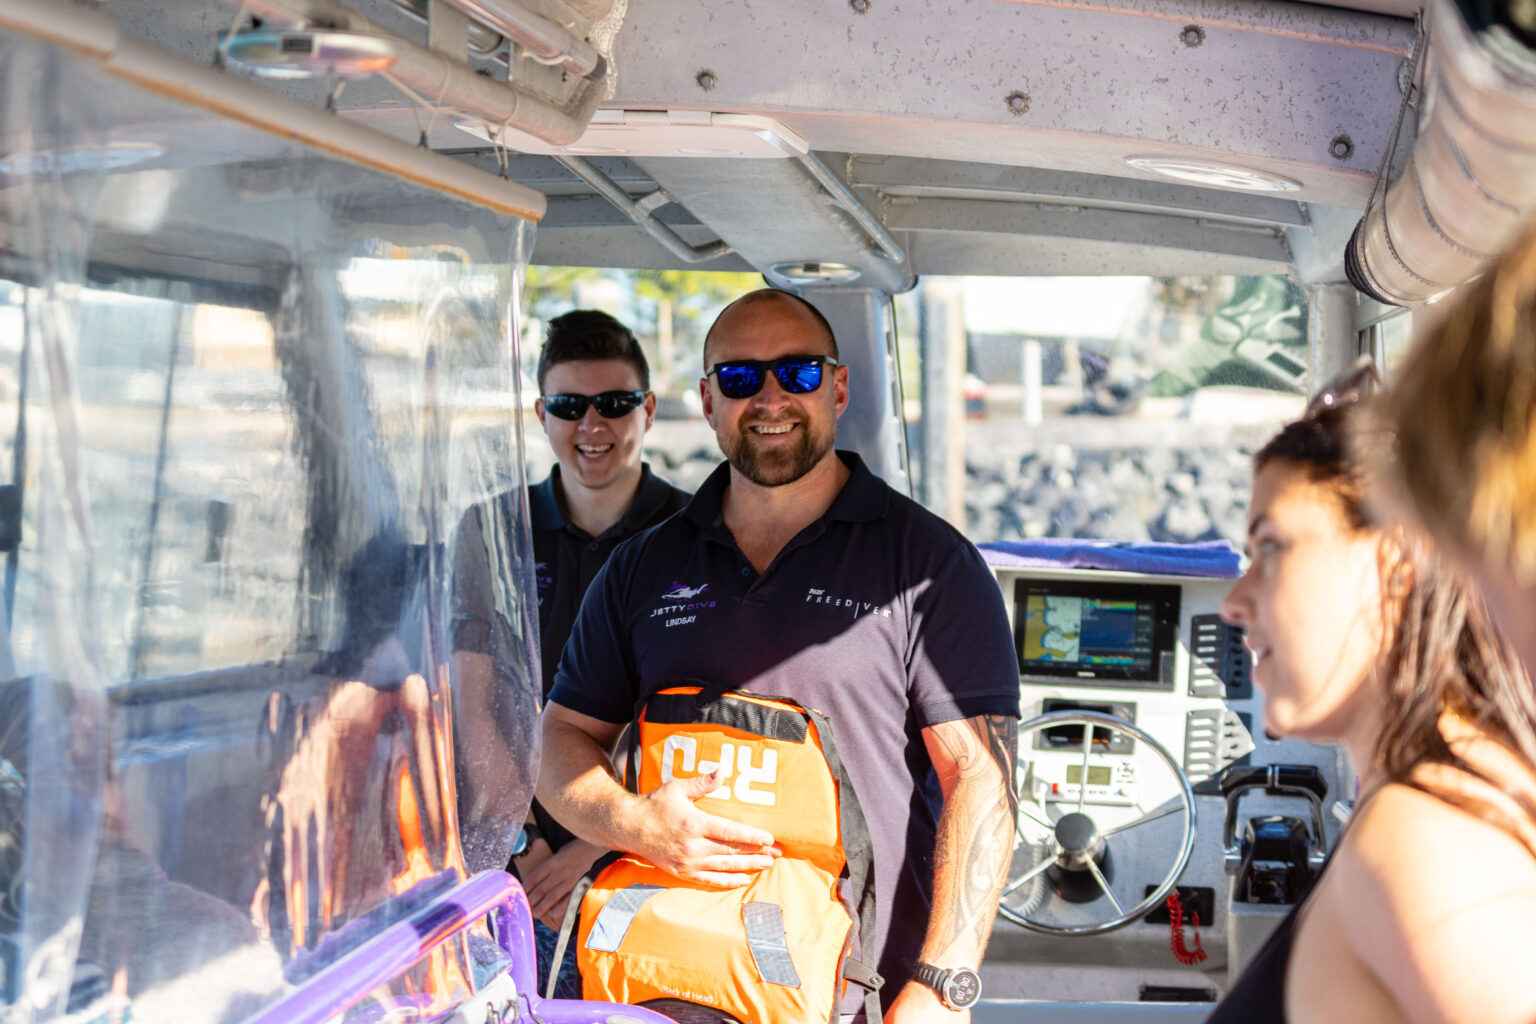 It's The Fun And Friendly Crew That Make Jetty Dive One Of The Most Popular Dive Destinations On The East Coast Of Australia
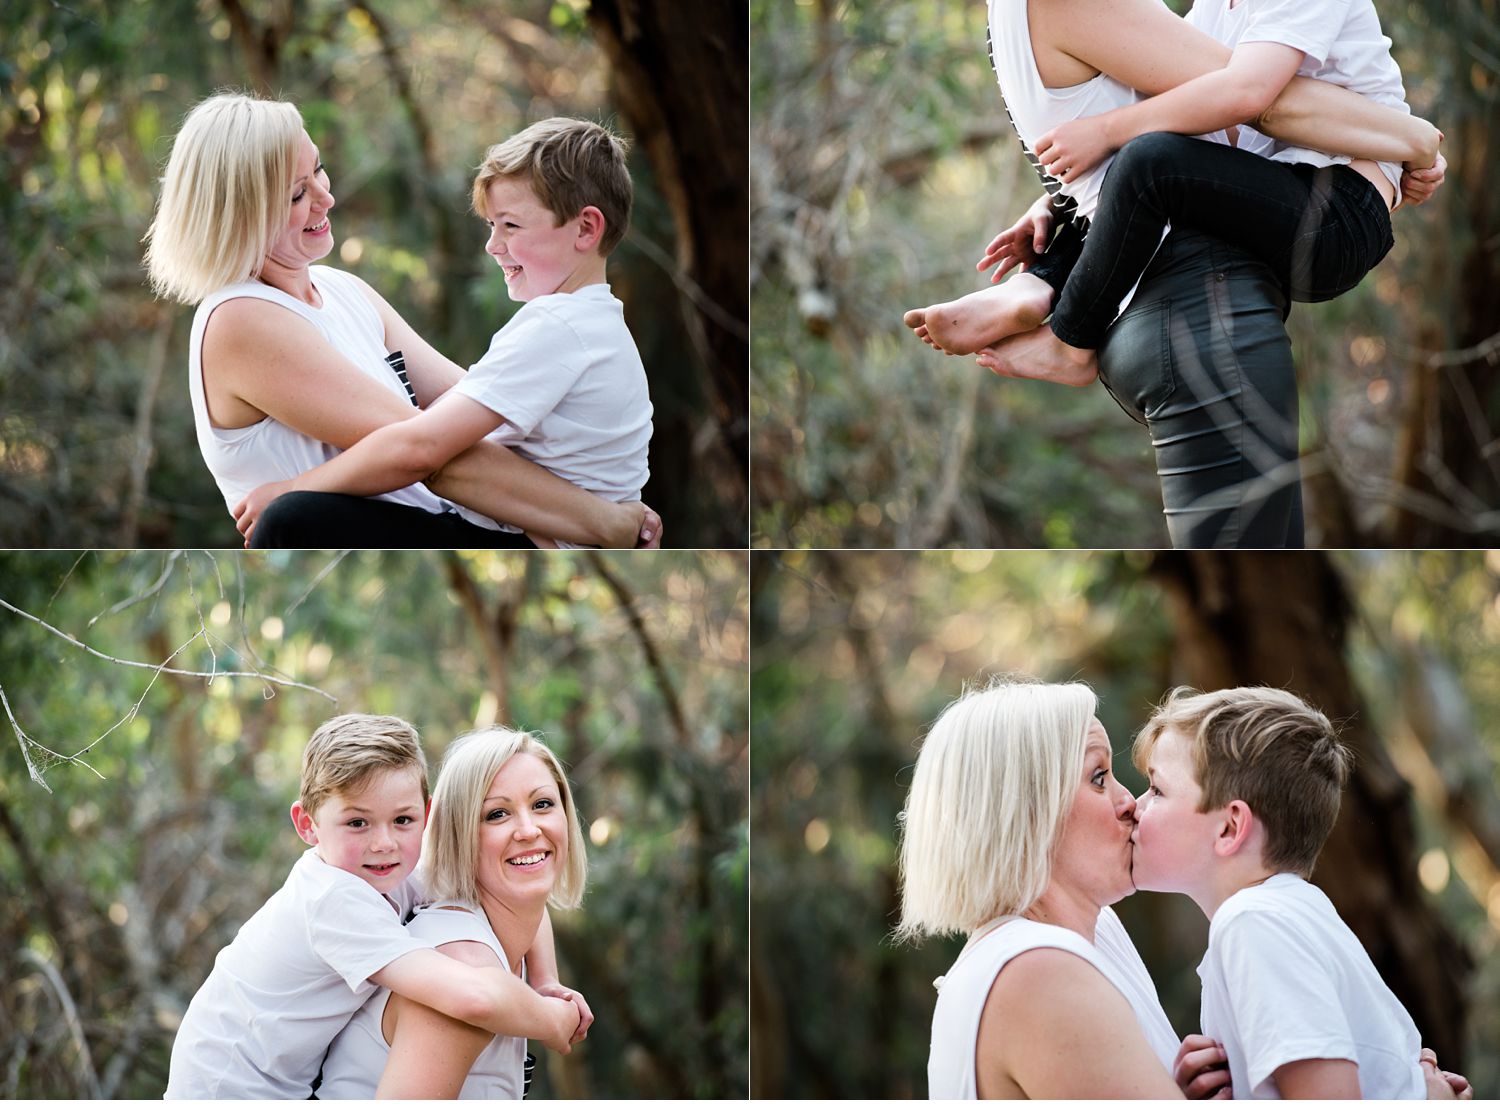 mother-son-photography-session.jpg
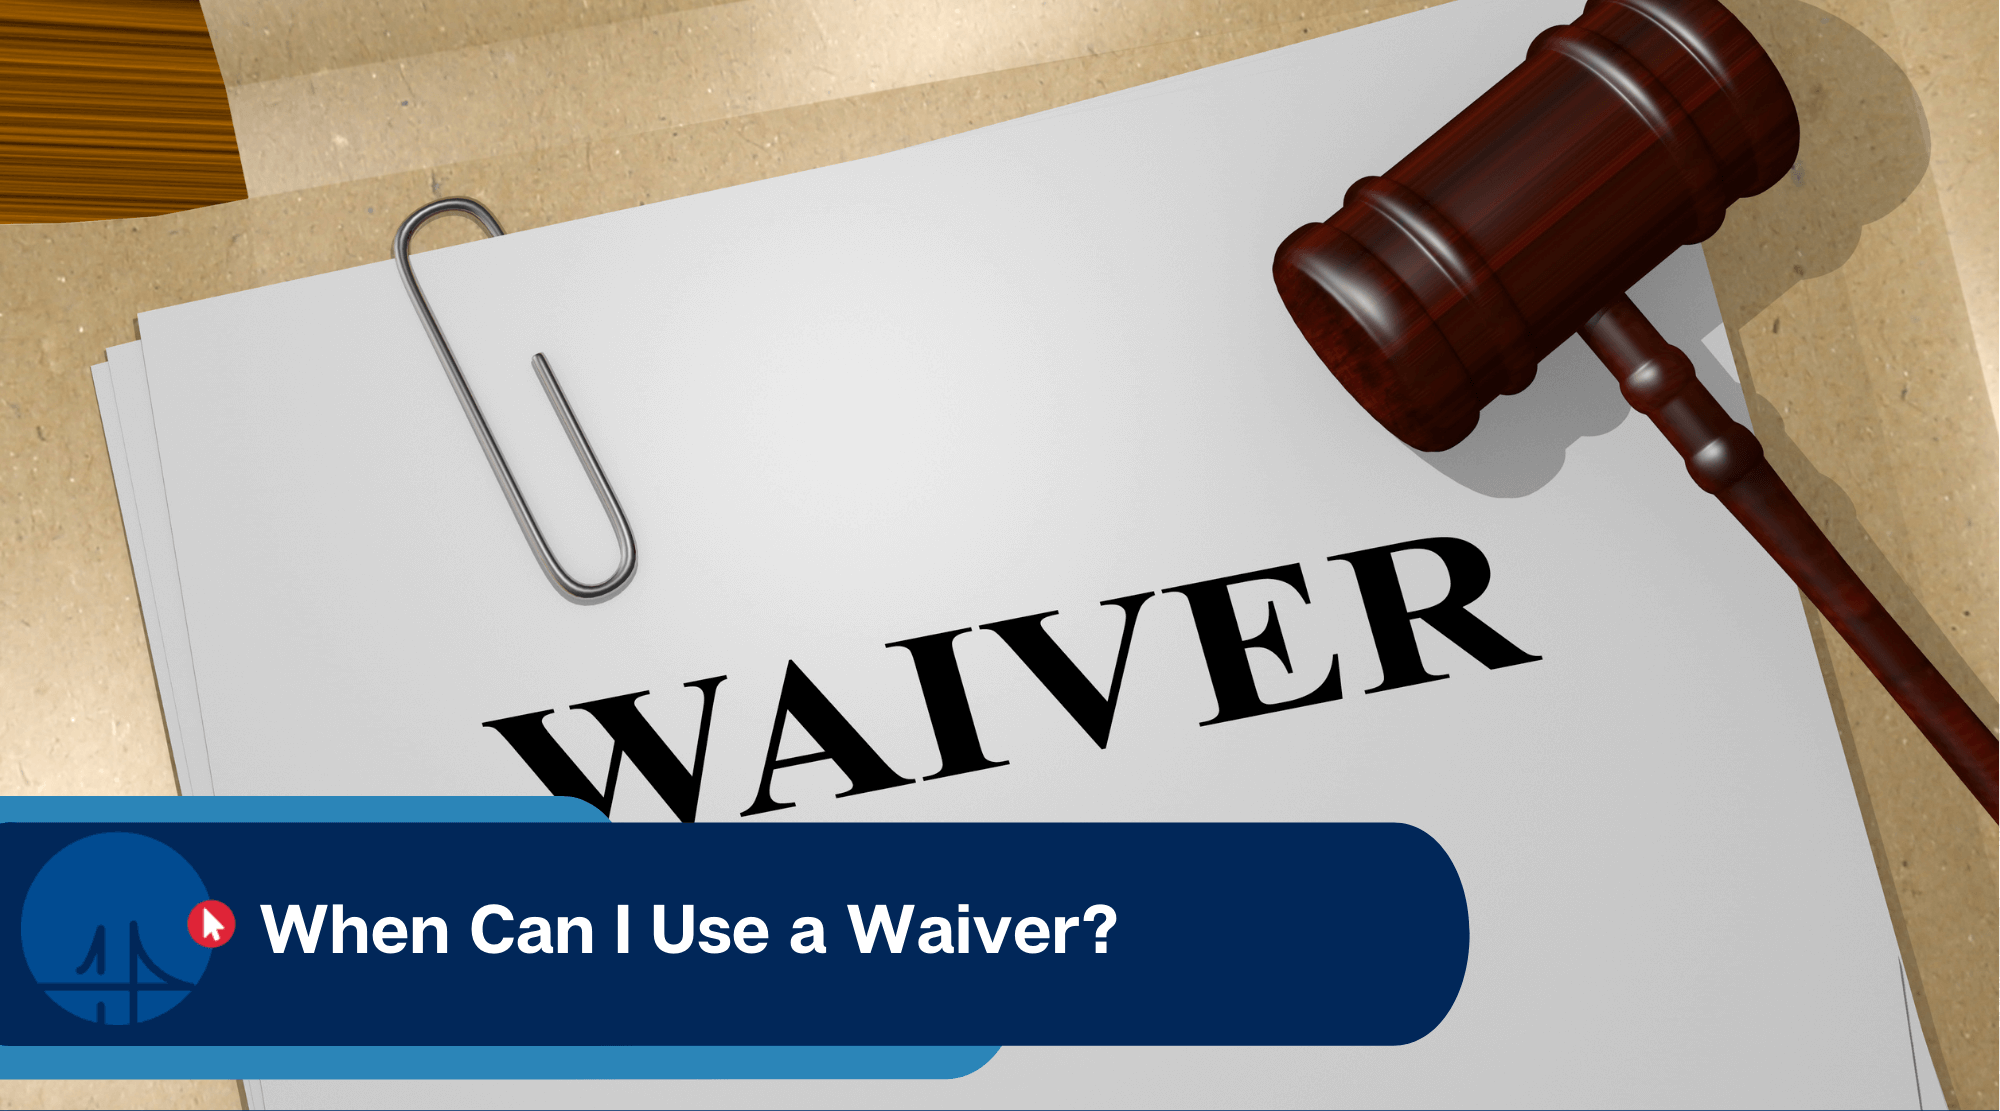 When can I use a Waiver?
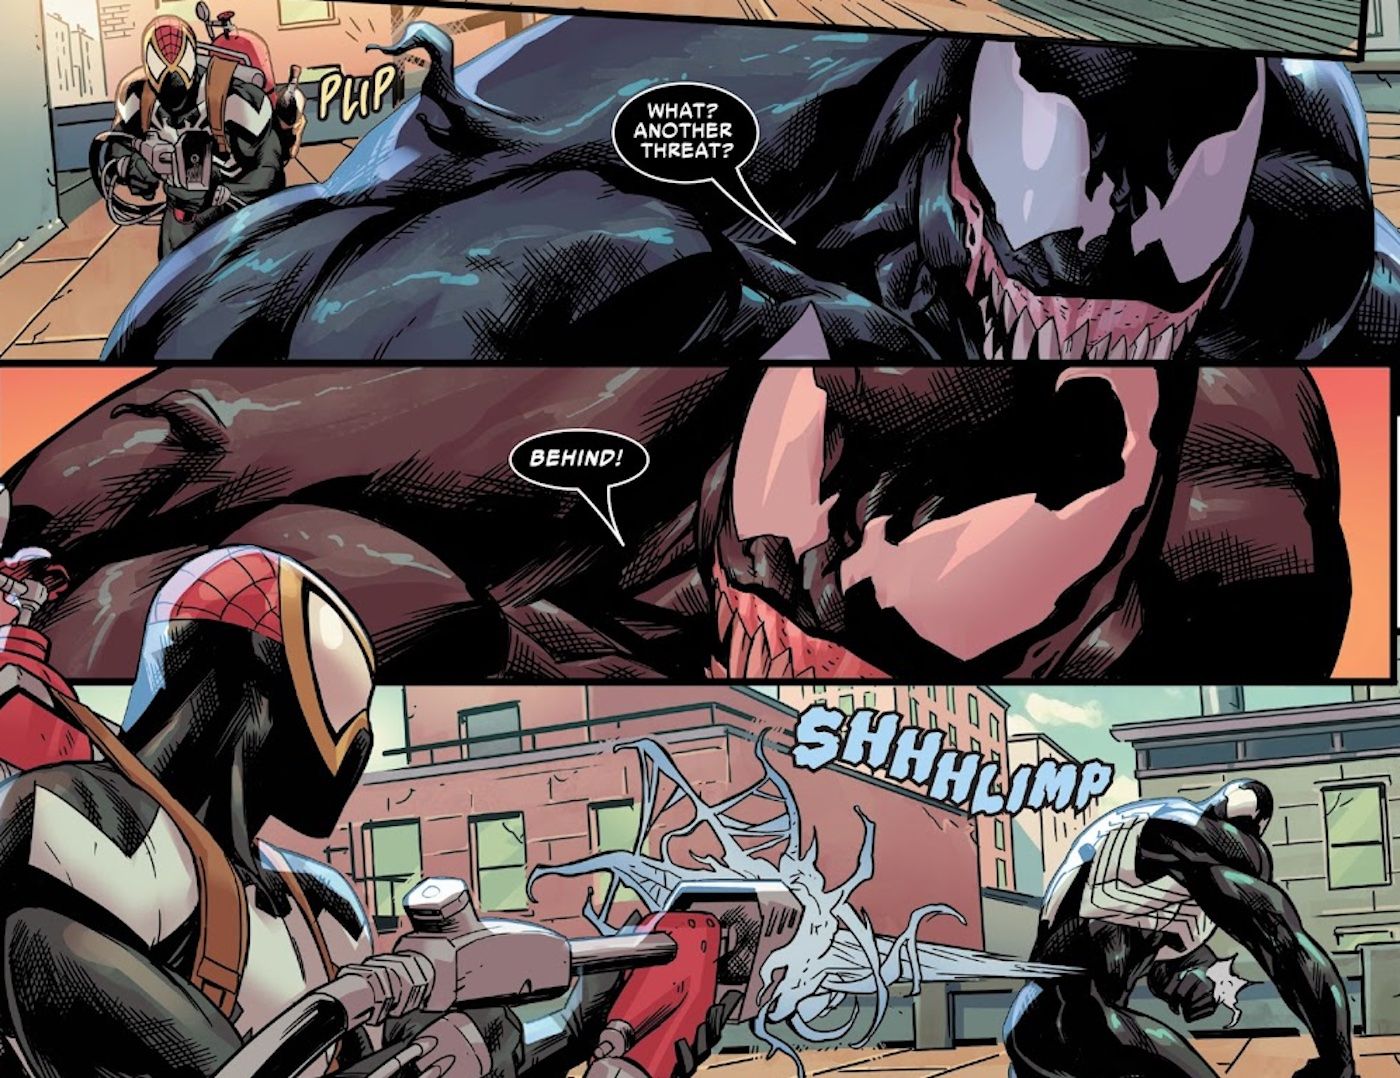 Venom is attacked from behind
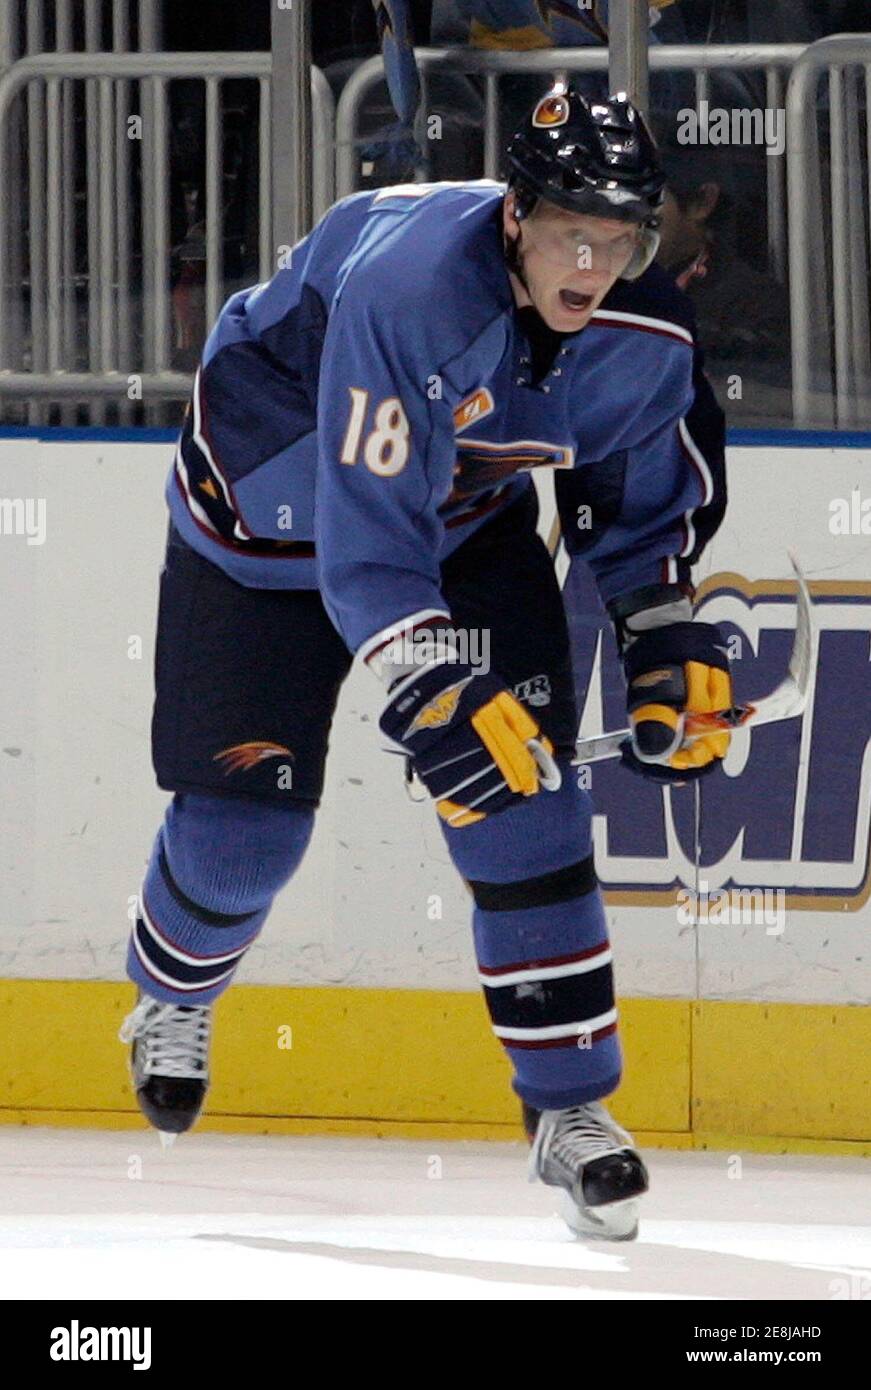 Atlanta Thrashers right wing Marian Hossa (18) reacts after scoring a goal  against the Pittsburgh Penguins during a shootout at their NHL hockey game  in Atlanta, Georgia December 21, 2006. REUTERS/Tami Chappell (

○ ○ ○ ○

I would like the material repeated in full and exactly, with its images omitted.

 It's The Fun And Friendly Crew That Make Jetty Dive One Of The Most Popular Dive Destinations On The East Coast Of Australia
 mother-son-photography-session.jpg
 When can I use a Waiver?
 Venom is attacked from behind
 Atlanta Thrashers right wing Marian Hossa (18) reacts after scoring a goal  against the Pittsburgh Penguins during a shootout at their NHL hockey game  in Atlanta, Georgia December 21, 2006. REUTERS/Tami Chappell (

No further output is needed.